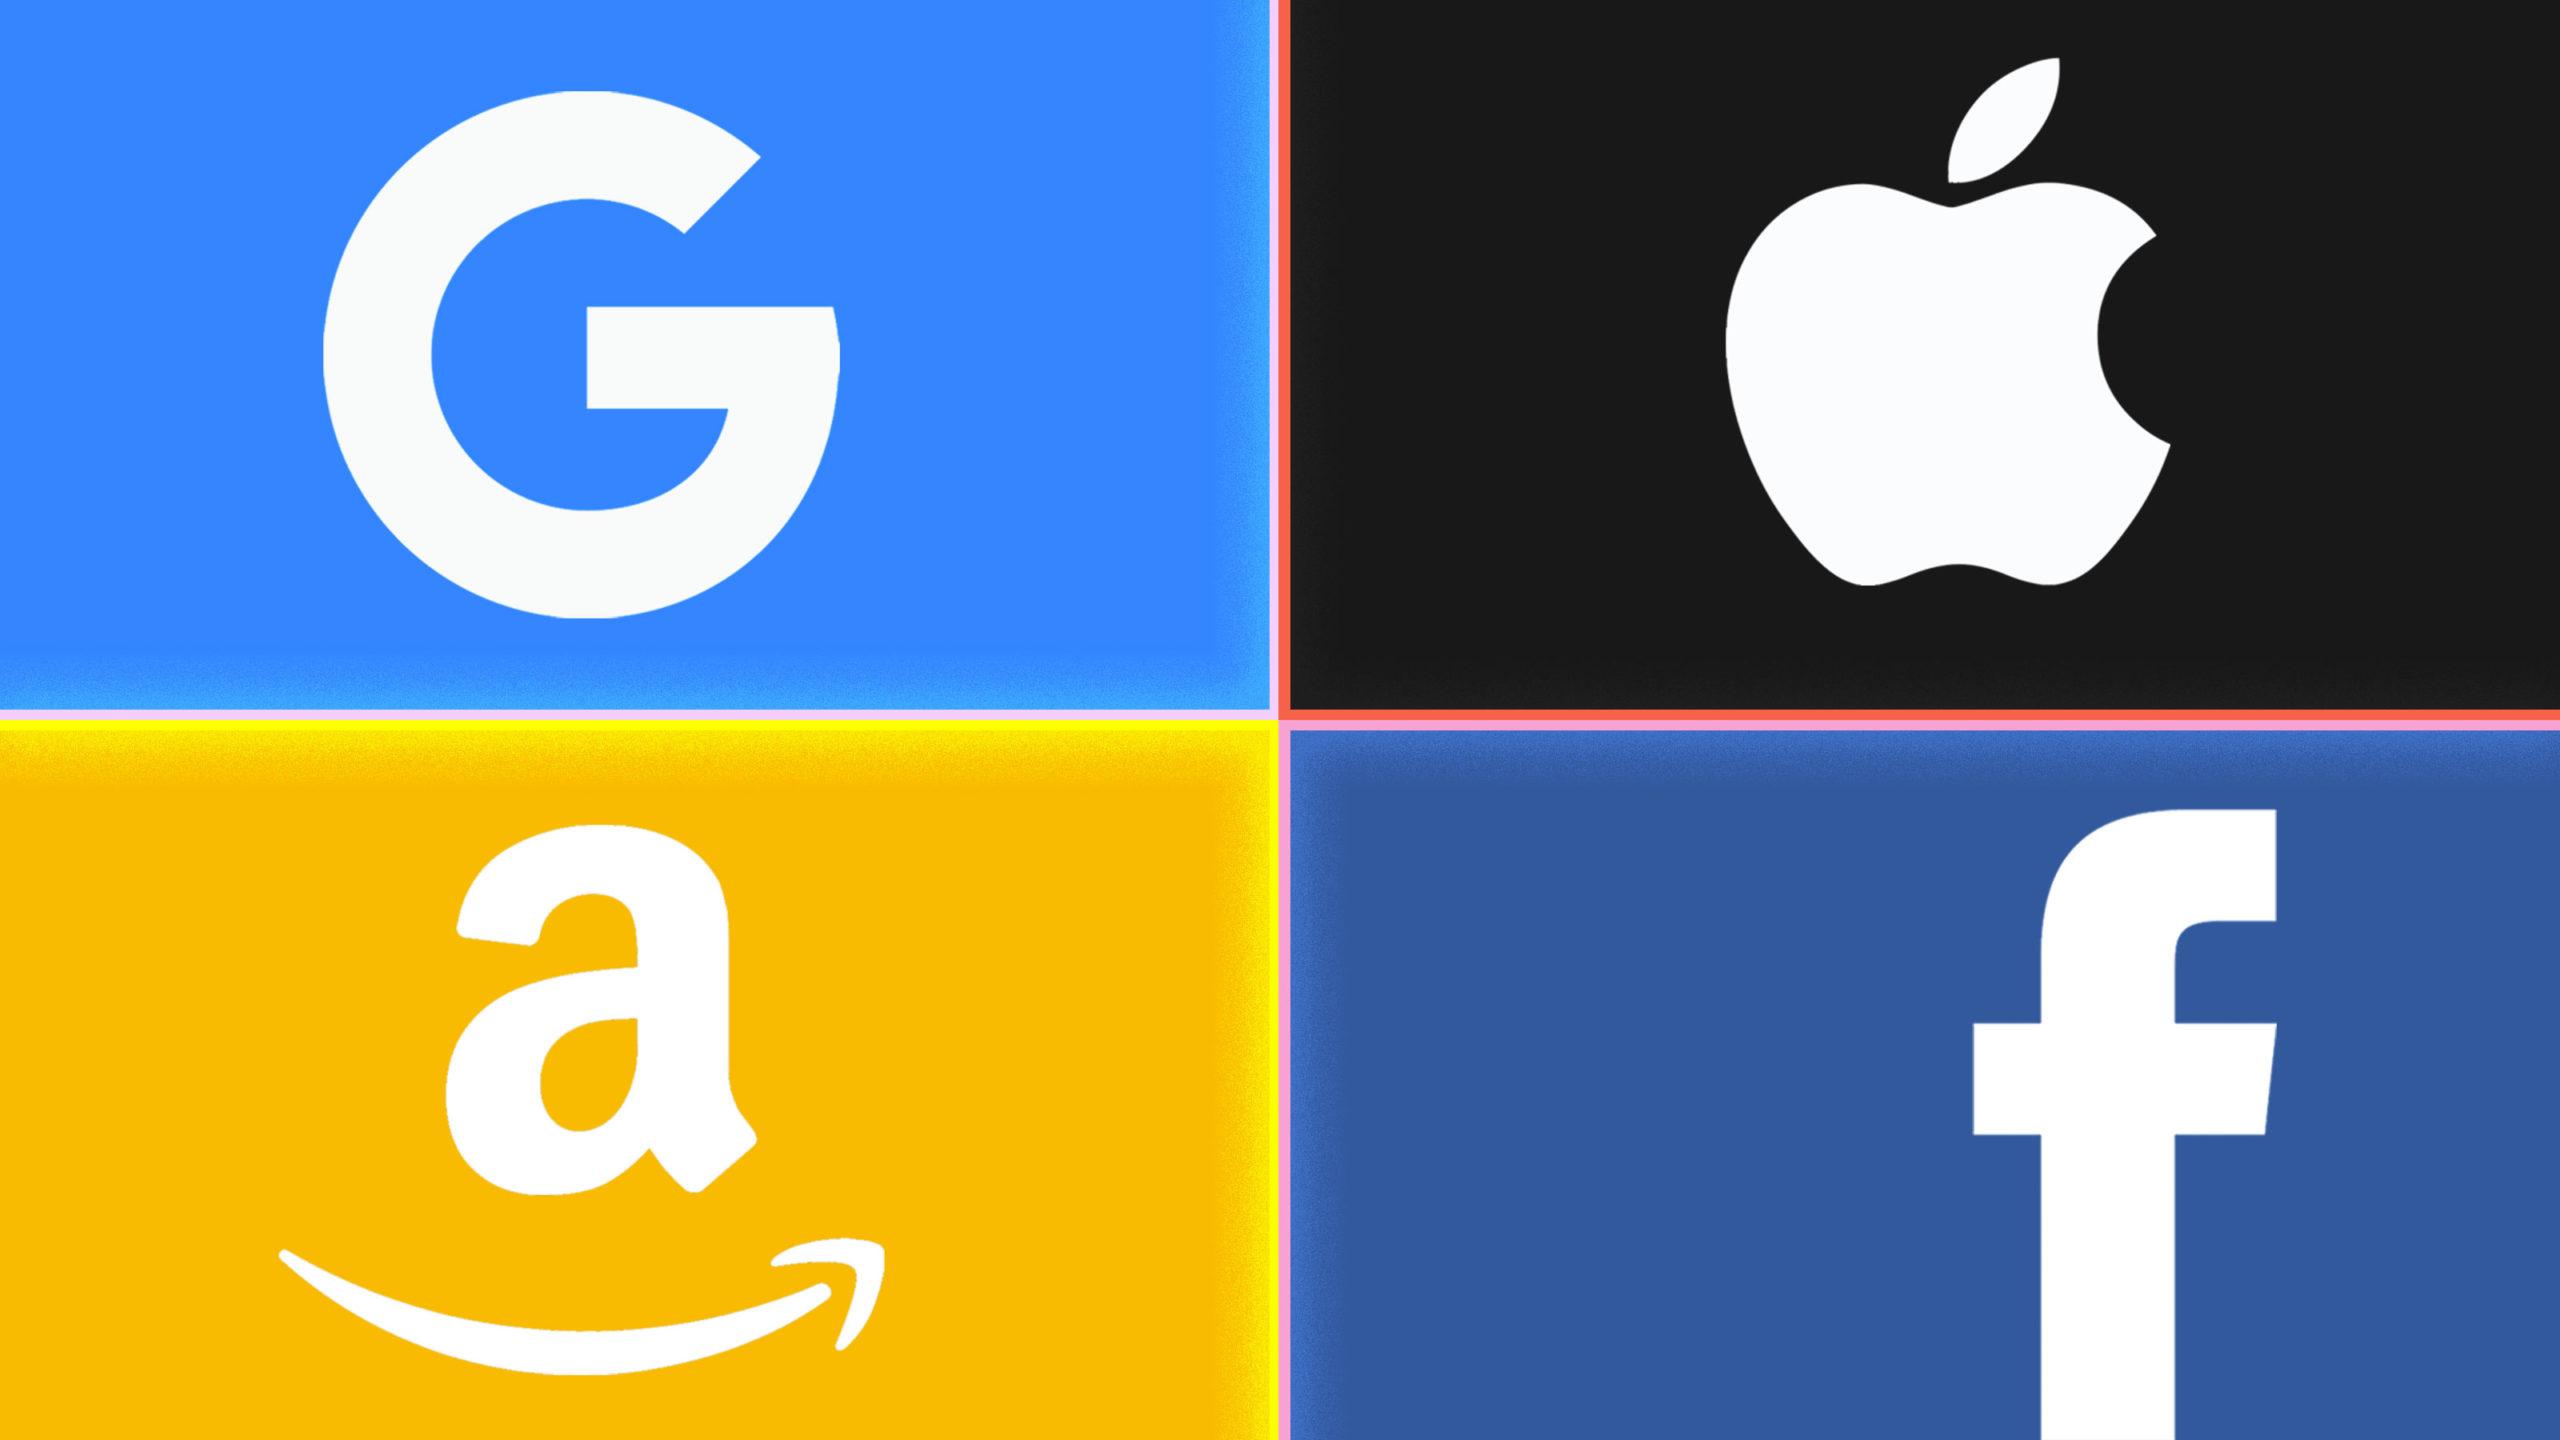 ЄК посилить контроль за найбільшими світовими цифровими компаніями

------------------------------------

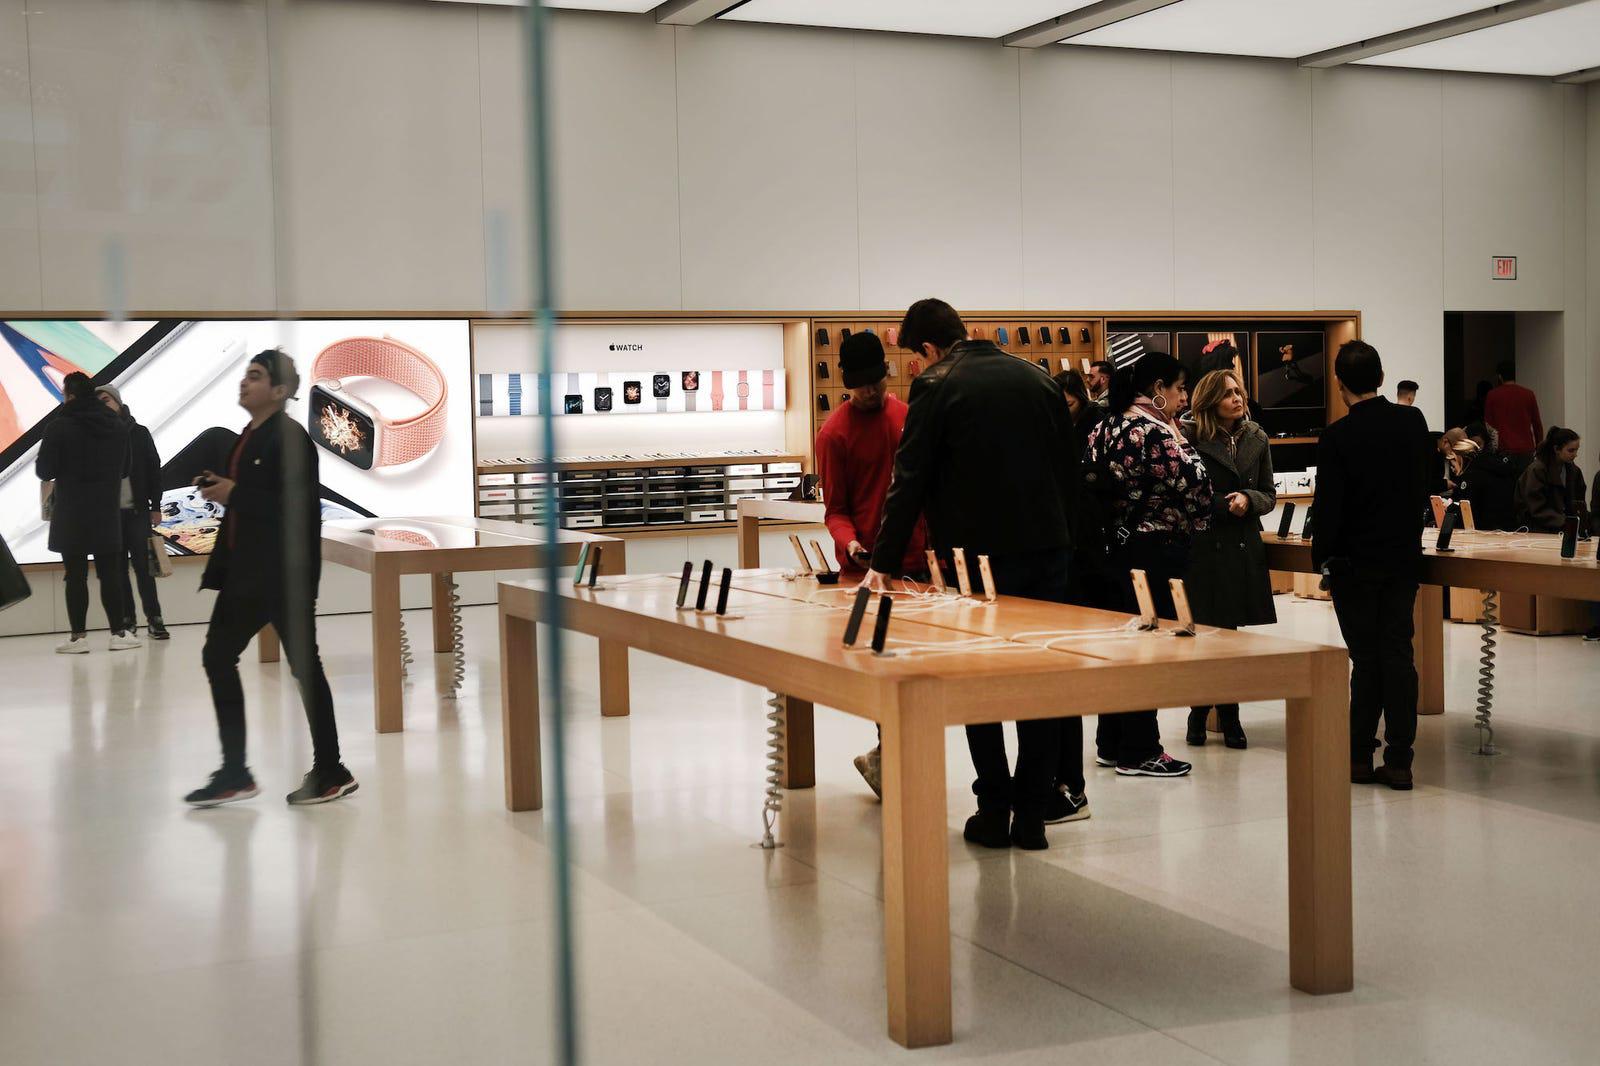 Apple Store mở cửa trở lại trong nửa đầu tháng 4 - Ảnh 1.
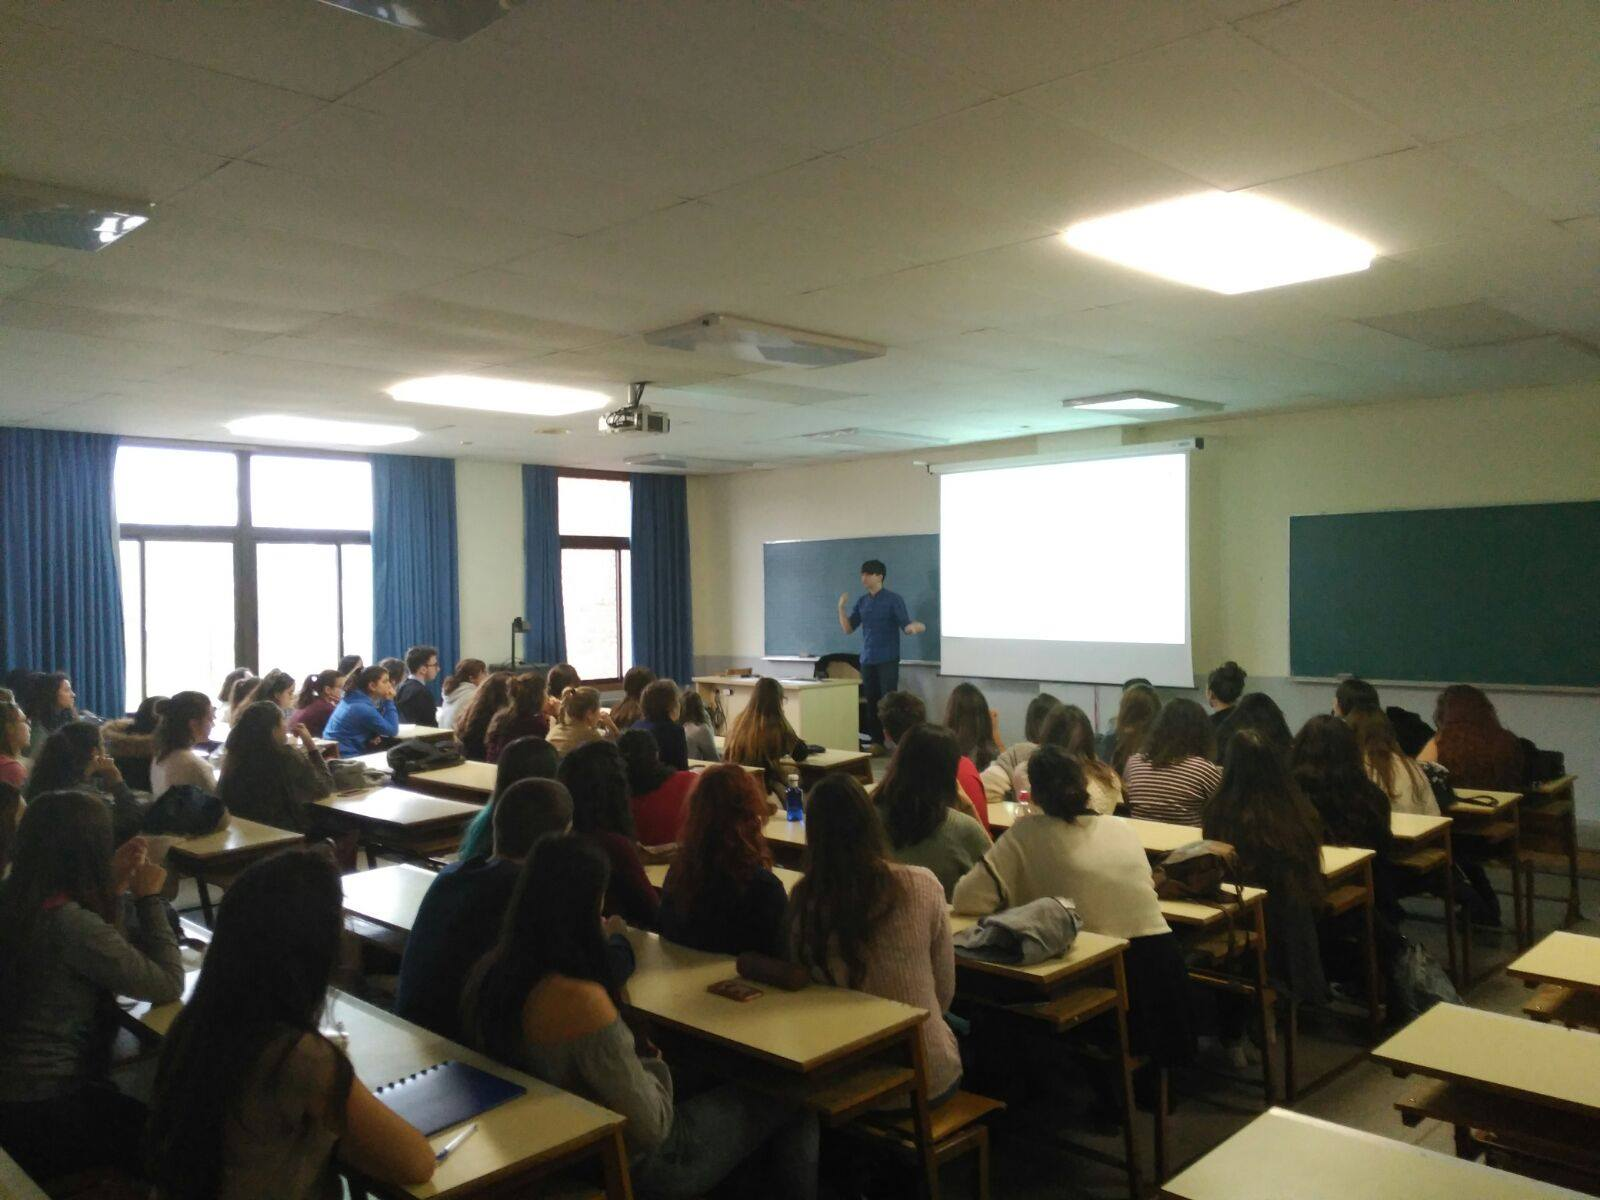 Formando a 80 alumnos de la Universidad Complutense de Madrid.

------------------------------------

# Required work:
Given the listing above, repeat exactly the lines starting at the one with "Apple Store mở" and ending at the one with "Formando a 80", inclusive, excluding pictures.

# Output:
 Apple Store mở cửa trở lại trong nửa đầu tháng 4 - Ảnh 1.
 Formando a 80 alumnos de la Universidad Complutense de Madrid.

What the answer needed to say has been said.